I'm not a fan of click-baity articles, but the chance for all voices to at
least be heard trumps (no pun intended) relying on what we may dub the "media
elite" for our news. Time and time again they've shown they aren't the
objective neutral actors in ALL cases they claim to be. Of course the WSJ or
NYT will have a better overall track record than say buzzfeed, but that
doesn't mean there won't be cases in which the the aforementioned elite media
organizations don't try to skew the conversation.

A good example of this is the ND pipeline. None of the established players are
giving it the coverage it would seemingly deserve, without YouTube, and
smaller outlets the majority of the country wouldn't know anything is
happening.

------
natrius
Facebook isn't the problem. Advertising is. Vox can't tell you this without
hurting themselves.

We fund content distribution (Facebook) and content creation (actual articles)
based on how many people are looking at them, so journalists produce clickbait
and Facebook gets you addicted to it. We can call it "maximizing daily active
users" instead of addiction if you like, but it all sounds the same to me. If
you're asking Facebook or journalists to make less money to create a better
world, don't be surprised when they say no.

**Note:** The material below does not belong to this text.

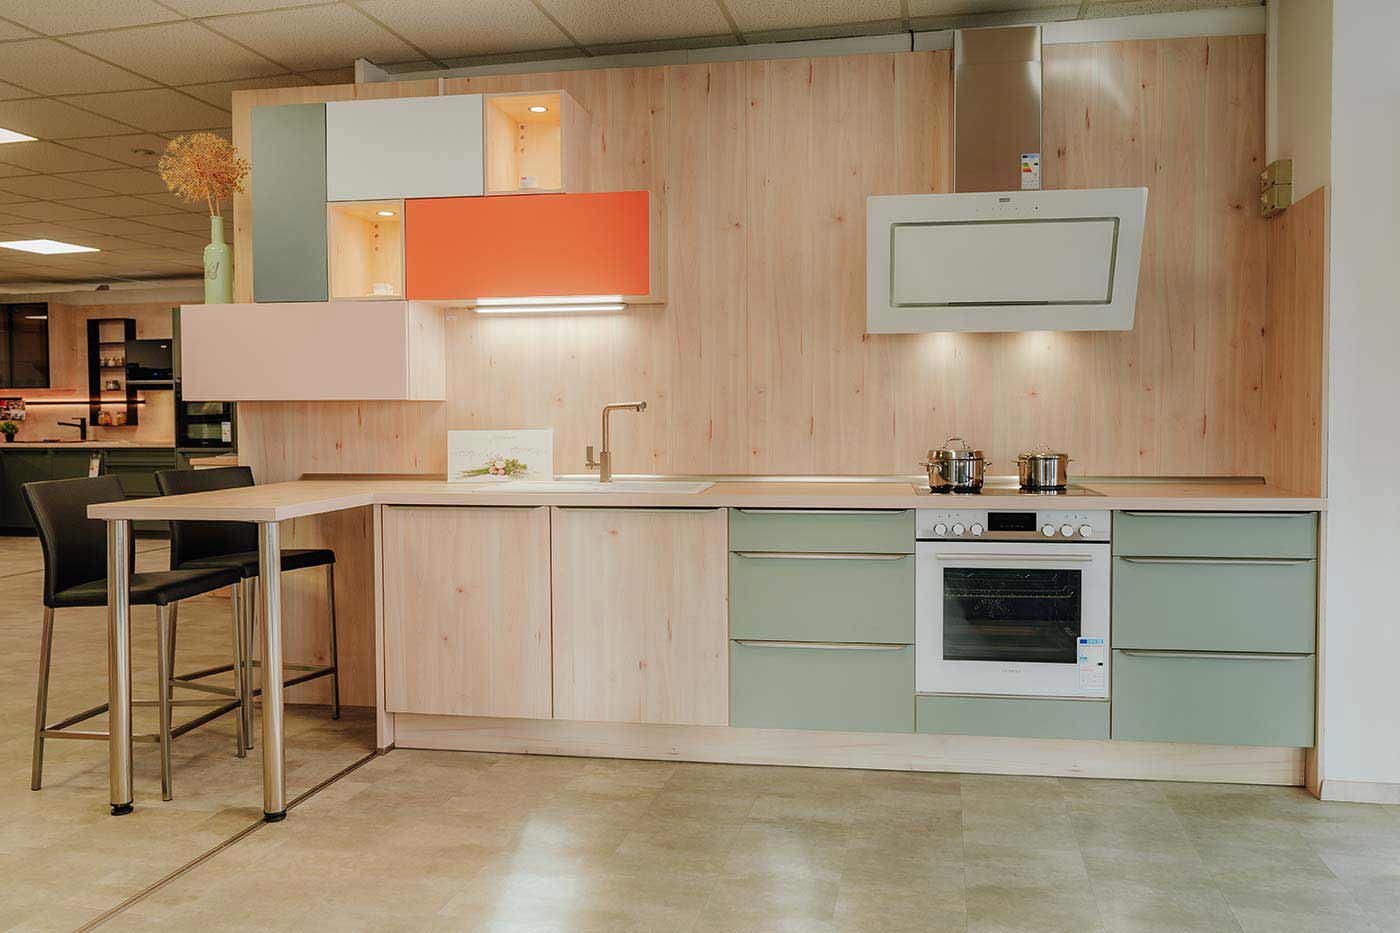 Küche aus Holz mit Fronten in orange & mintgrün und weißer Dunstabzugshaube und Backofen in der Küchenausstellung Matthäs

Instead, individuals must take on the responsibility to fund the production
and distribution of content they find valuable. That won't eliminate bias, but
it'll eliminate the very strong financial incentive embedded in capitalism to
create a compelling alternate reality for each individual on the planet. It is
tearing us apart. Start a recurring donation to a nonprofit news organization
today, then turn on your ad blockers. Not just for intrusive ads. For
everything.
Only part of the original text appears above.